By Shubhi Mangla
On 5th June 1873, a ship named Lalla Rookh meaning Red Cheeks reached Paramaribo, the capital of Suriname and a history of Indian migration emerged in the small Dutch colony. A country popular for its sugarcane industry and high reserves of Alumina and Bauxite, is incomplete without its Indian diaspora who first arrived as indentured workers. The workers were basically contract labourers who had to work for 5 years and then they were supposed to be sent back as per the contract. When the contract ended, about one-third of the immigrants returned to India whereas approximately 23,000 of Indians stayed back when the government offered them settlement rights on state plantations and a bonus of 100 guilders. Since then, the people of Indian origin in Suriname have maintained their culture and structured themselves in the Surinamese society.
Related Article: Tracing the Indian Diaspora in Suriname
Lalla Rookh- The Ship
Lalla Rookh arrived in Paramaribo after a three-month voyage from Calcutta becoming the first ship to transport Indian emigrants from the Colonial India to the Dutch colony, Suriname. All the workers were collected at the main depot in Calcutta (Capital of Bengal) as the Dutch Government had appointed an emigration agent in Calcutta.
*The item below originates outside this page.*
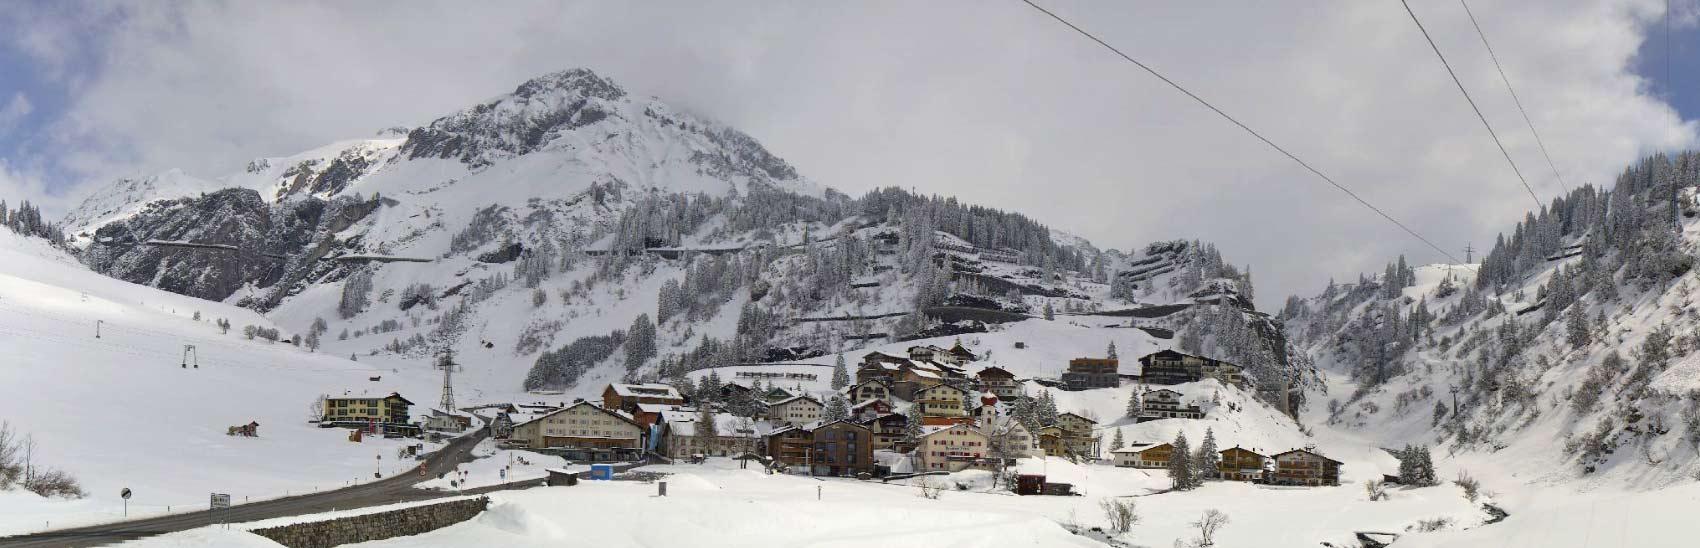 Winter of lente in Stuben am Arlberg

According to a research by Prof. Dr. Chan E.S Choenni, “Having left Calcutta port on 26 February 1873 with 410 indentured immigrants on board, it took the sailing ship Lalla Rookh over three months to cross the Kala Pani (black water). Finally, on 4 June 1873, she arrived in Suriname with 399 British Indians left, as 11 had died on the way. Due to health reasons, the immigrants did not disembark immediately, but one day later, on 5 June”. When the ship arrived, there were 279 men, 32 boys, 70 women and 18 girls under
Many Indians believed that the ship was built by India for the sole purpose of transporting them to Suriname but did not understand that at India was under British rule and couldn’t operate such vessels. The ship was instead owned by an Irishman and was built in Liverpool. After that trip to Suriname in 1873, the ship is known to be either renamed or sold.
Today a statue ‘Baba and Mai’ stands at the place where the ship arrived to commemorate the Indian Arrival day on 5th June every year.